Home

/

GitHub

/

In conjugateprior/iqmr: Materials for IQMR's computer assisted text analysis course

knitr::opts_chunk$set(
  collapse = TRUE,
  comment = "#>"
)

In this lab we're going to investigate a different debate on abortion law, this time in the United States. The debate occurred on October 21, 2003 as the last stage of the passage of the 'Partial-Birth Abortion Ban Act of 2003' that banned specific forms of abortion.

There are 23 speakers and we will be interested in simultaneously discovering the main topics of the debate and decomposing each speaker's (and party's) patterns of emphasis over those topics. We'll use a representation of the debate that bundles all speaker contributions together, scraped from the plain-ish text versions offered by congress.gov. The process of extracting this information is detailed in another lab.

However, we will usually need more than 23 documents to get a got topic model going. Accordingly we'll treat a smaller unit as our documents - it will be whatever ther Congressional Record thinks should be a paragraph.

Here are the raw materials

library(iqmr)

data("df_pba_debate_by_speaker")
names(df_pba_debate_by_speaker)

we'll make a corpus from them, using the speaker's name as a document identifier and we'll also explicitly add the speaker names as a document variable because we'll want to refer to them later.

corp <- corpus(df_pba_debate_by_speaker, 
               text_field = "contributions", 
               docid_field = "speaker")
docvars(corp, "speaker") <- df_pba_debate_by_speaker$speaker # add speaker field
summary(corp)

Now we'll do the switch to paragraphs

para_corp <- corpus_reshape(corp, to = "paragraphs") 
head(summary(para_corp))

Notice that the texts now have a numerical identifier added and the other document variables have been duplicated appropriately.

Although contributions are probably too big, ironically paragraphs run the risk of being too small (or even disappearing if the paragraph spotting algorithm is imperfect). Let's check

table(ntoken(para_corp)) # 15 documents with, err, no words

so we'll trim these tiny documents. Then we'll make a document term matrix for the topic model to work with

para_corp <- corpus_subset(para_corp, ntoken(para_corp) > 2)

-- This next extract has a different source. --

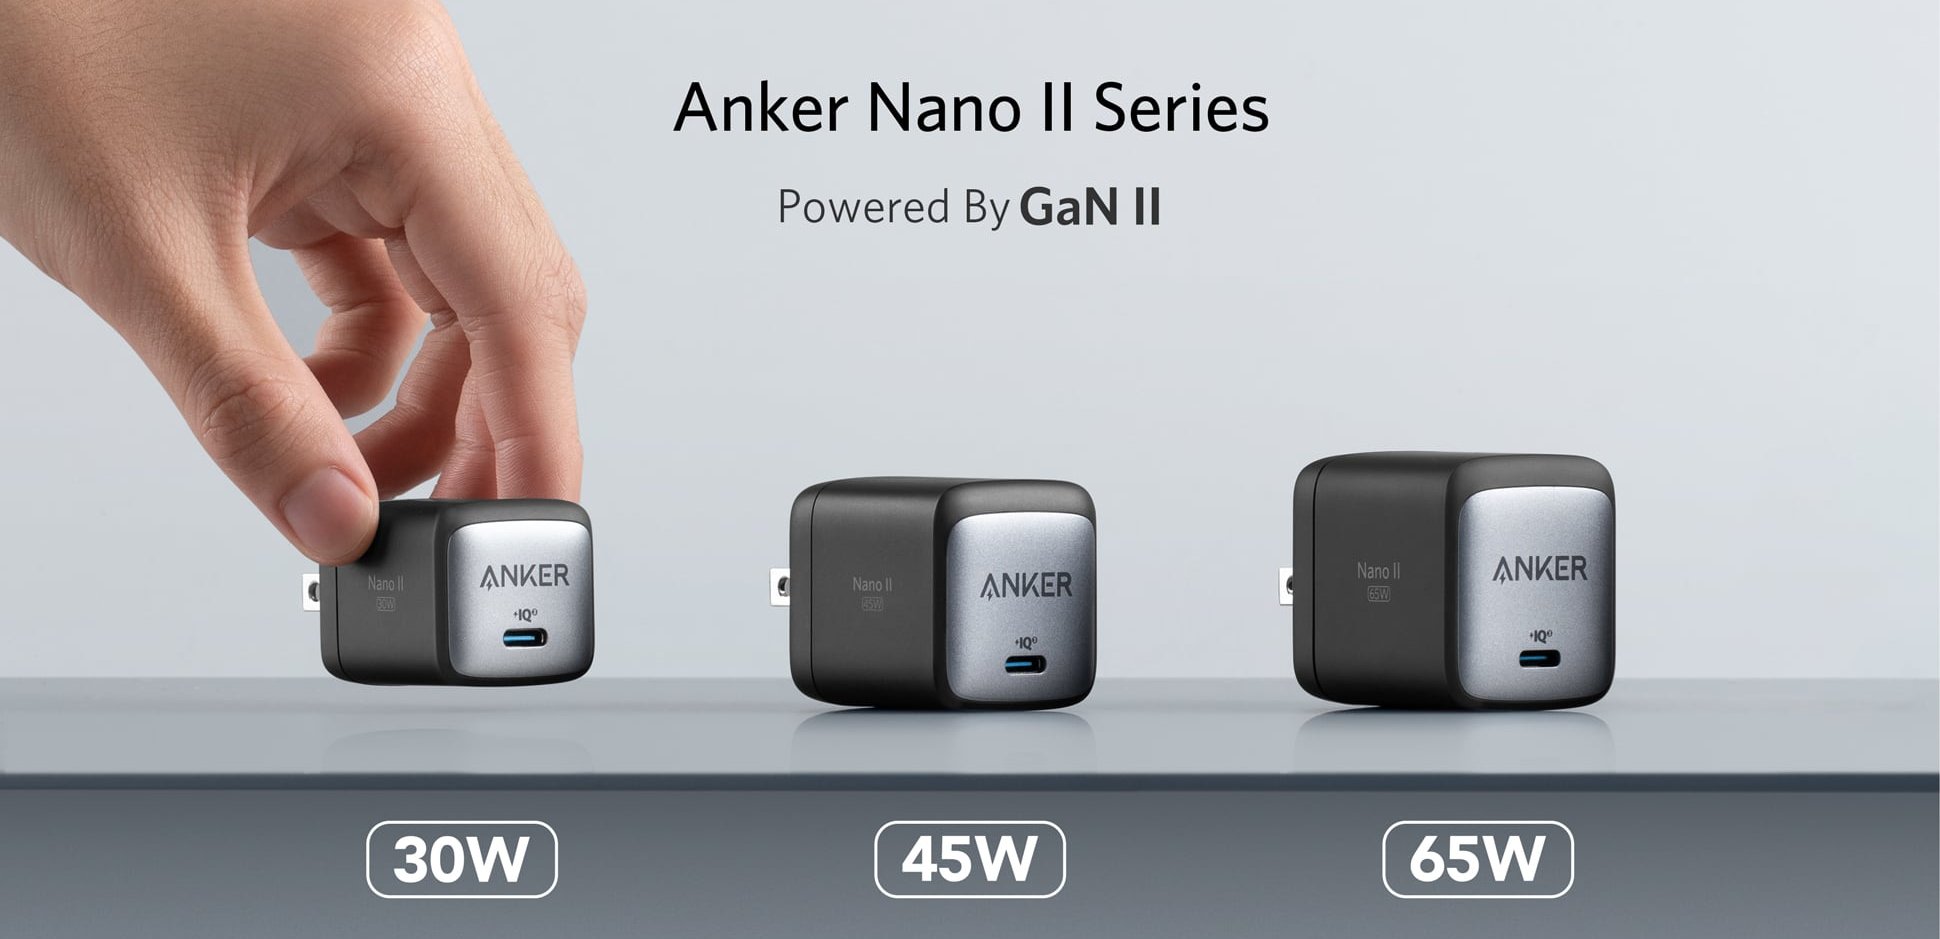 Anker Nano Ii Series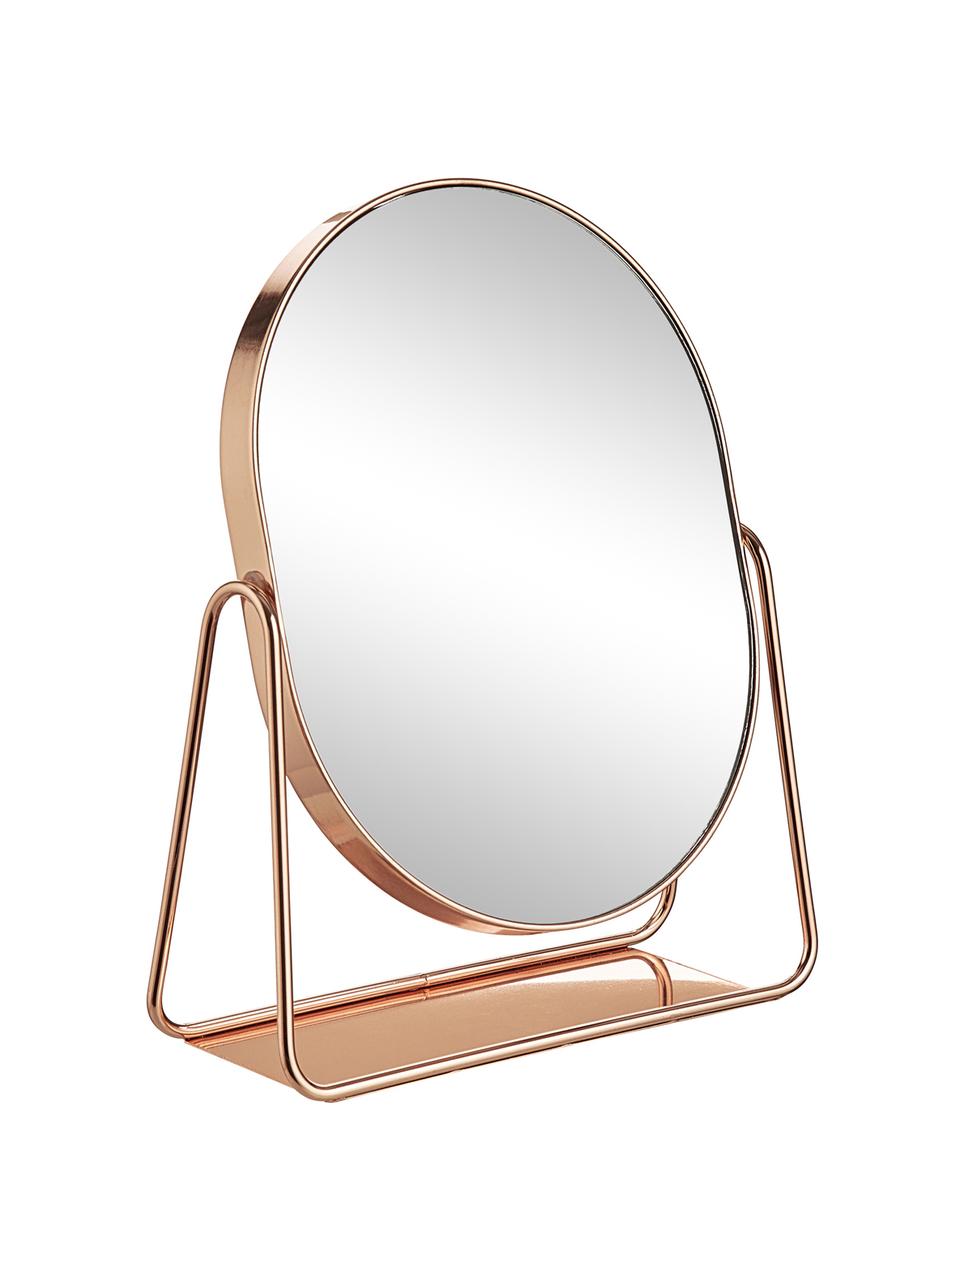 Oválné kosmetické zrcadlo s kovovým rámem Gloria, Růžově zlatá, Š 16 cm, V 22 cm

para_dfm <- dfm(para_corp,
  remove_punct = TRUE,
  remove = stopwords(), 
  remove_numbers = TRUE)

To start with we'll fit a 10 topic topic model using the stm package

library(stm)

mod <- stm(para_dfm, K = 10, seed = 12345)

library(stm)

mod <- stm(para_dfm, K = 10, seed = 12345)

Don't forget to set the seed so others can replicate your work.

Now let's take a look at the topic word associations we've estimated.

labelTopics(mod)

For putting in online appendices and showing to your co-authors, a plot is often more compelling

plot(mod, type = "labels", labeltype = "prob") # or frex, lift, score

You may need to pop out the window to make this big enough to view.

To get a better sense of a topic it's sometimes helpful to look at a sample of documents a lot of whose tokens were assigned to it. Here we find documents (for us paragraphs) that have a lot of topic 1.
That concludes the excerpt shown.